When die operations cause the carrier to move, it usually will be required to flex or stretch。 Regardless of carrier flexing, their key function is to move the parts close enough to the next station so that pilots, gauges and locators can put the parts into their precise location as the die closes。
If the carrier acquires a permanent stretch, the parts may progress too far to fit on the next station, or in the case that the die has two carriers, one carrier may develop permanent stretch with no stretch in the other carrier。 This will create edge camber in the strip, causing it to veer to one side。 This results in poor part location。
A stretched carrier can be shortened to its correct length by putting a dimple in the carrier。 If a center carrier or one-sided carrier develops camber, the strip can be straightened by dimpling or scoring one side of the carrier。 Construct the dimple and scoring punches so that they are easily adjusted sideways for position and vertically for depth。
as it is delivered from the coil can cause the strip to bind in the running gauges that guide the material during the feed cycle。 This binding may cause the carriers to buckle, which results in short feeds。 It often helps to relieve the guide edge of the gauges in between stations and have tighter gauge control at the work station。
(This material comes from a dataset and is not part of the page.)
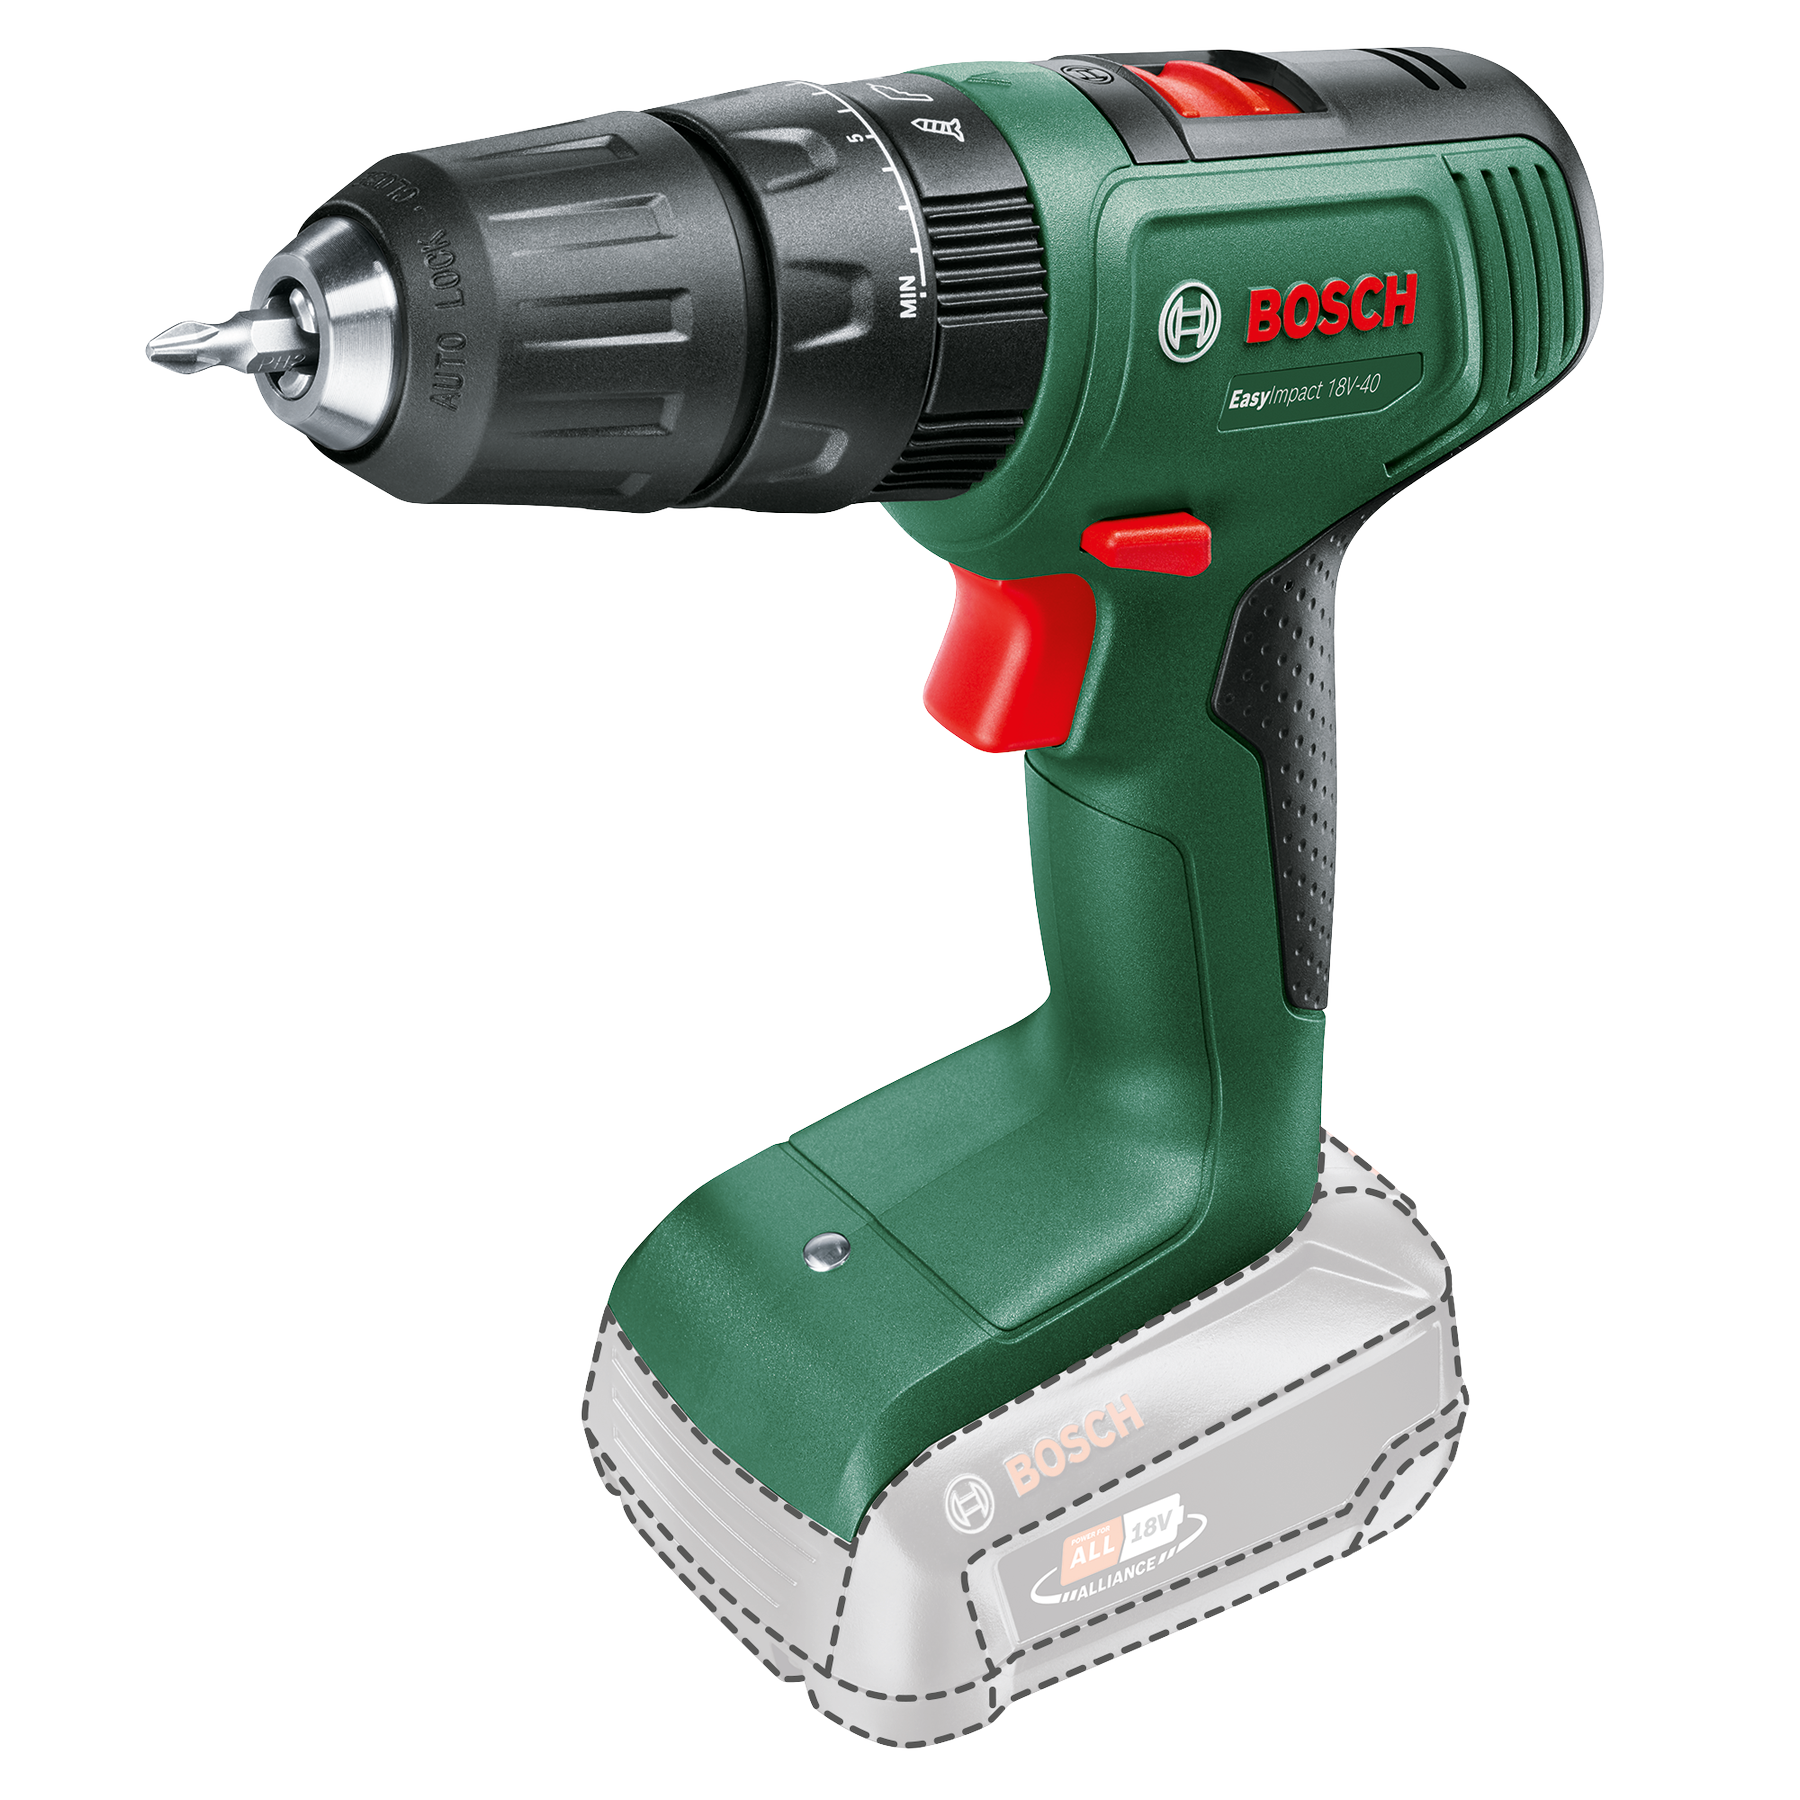 Vaccineren schroot deze EasyImpact 18V-40 - Without battery | Without charger | Bosch DIY Shop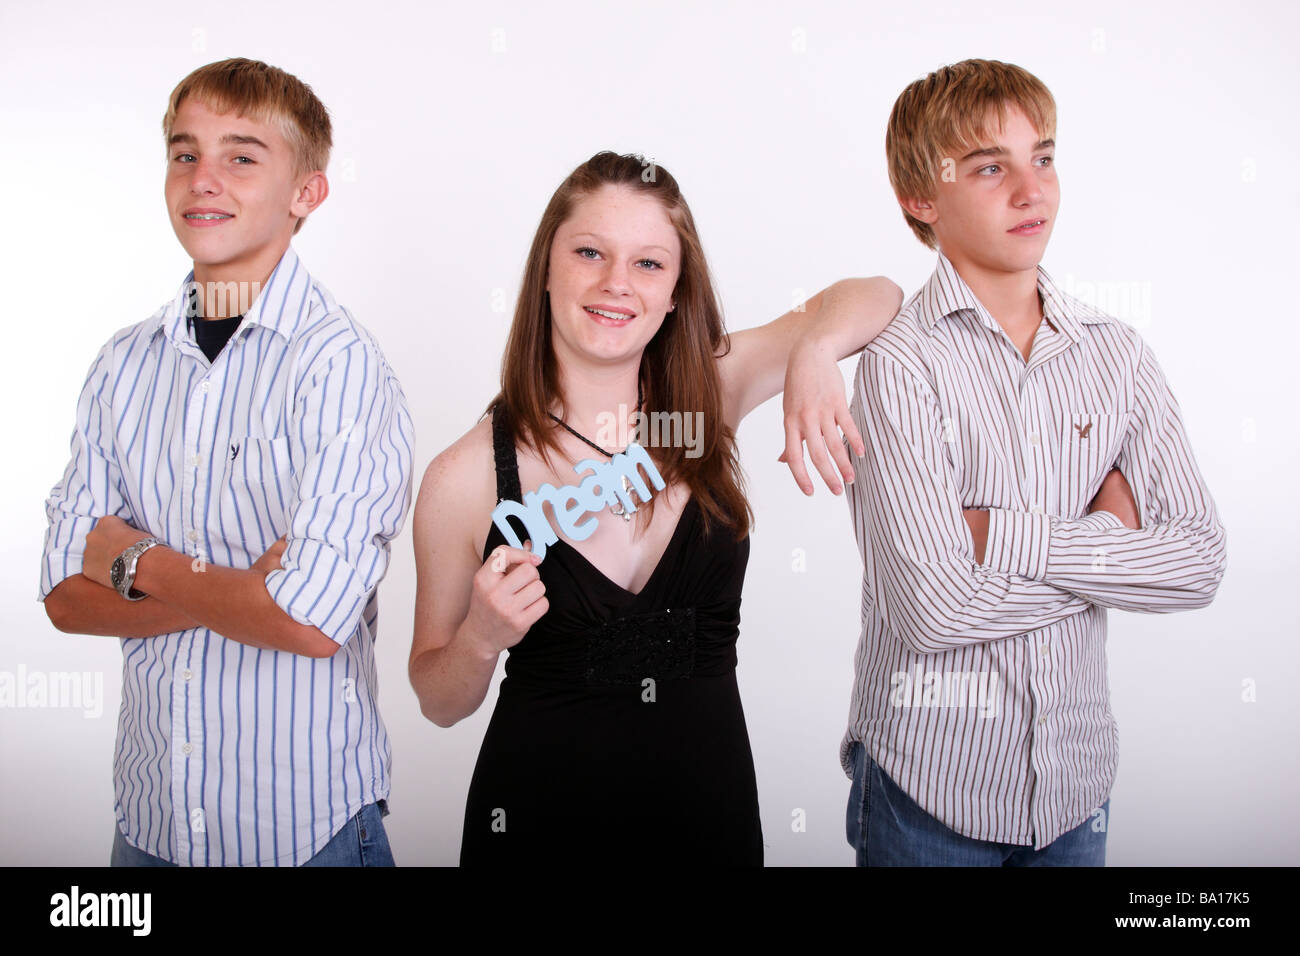 A Teen Girl Holding Onto The Word Dream With Twin Teen Boys On Either Side Stock Photo Alamy

Another option is to eliminate camber by trimming both sides of the material in the beginning of the die。 By adding stops at the end of these trim notches they can be used as pitch control notches to prevent progression overfeed。
Optimum Carrier Profile
The optimum carrier profile is affected by some of the following conditions:
• Space available between parts: Try to keep the carriers within the stock width and pitch required for the blank。 If this is not possible then the designer must add to the width and/or the progression of the material to provide adequate carrier room。
• Attachment points to the part: If two carriers are used, try to keep the profile and length of the carriers somewhat the same so that any effect of carrier flexing is close to being balanced。
• Clearance for punch and die blocks: Punch blocks that extend below the stock or die blocks that extend above the stock when the die closes will require clearance in relation to the parts and the carriers。 If a loop of the carrier interferes with blocks it may be possible to form the loop vertical to provide clearance。
• Thickness of the material: Large parts with thin material may require stiffener beads to add strength to the carrier for stock feeding。 Another stiffening and strip guiding method is to lance and flange the edge of the stock, which also can be used as a progression notch。
• The total of the strip: Heavy parts in long dies require more force to push the strip through the die。 However, the weight is usually thick material, and thick material is stiffer than thin material。 As a rule of thumb, flexible carriers for materials of 0。020 in。 to 0。060 in。 are about 3/16 in。 to 5/16 in。 wide。 For stock thicknesses above and below this thickness range, carrier width is a "best judgment call。" 论文网
Depending on all the die factors involved, under normal conditions the carriers should be a consistent width for their full length, but especially in the area of flexing。 Since nearly every stock feeder pushes material through the die rather than pull the material, the carrier must be strong enough to push the parts all the way through the die。
A detection switch actuated by a complete feed of the strip at the exit of the die can detect buckling。 If action of the die during closure or opening of the press requires the carriers to flex, design the carrier with loops that are long enough to flex without breaking, but still strong enough to feed all the parts to their full progression。 If two flex carriers are not strong enough to feed the strip, consider three carriers。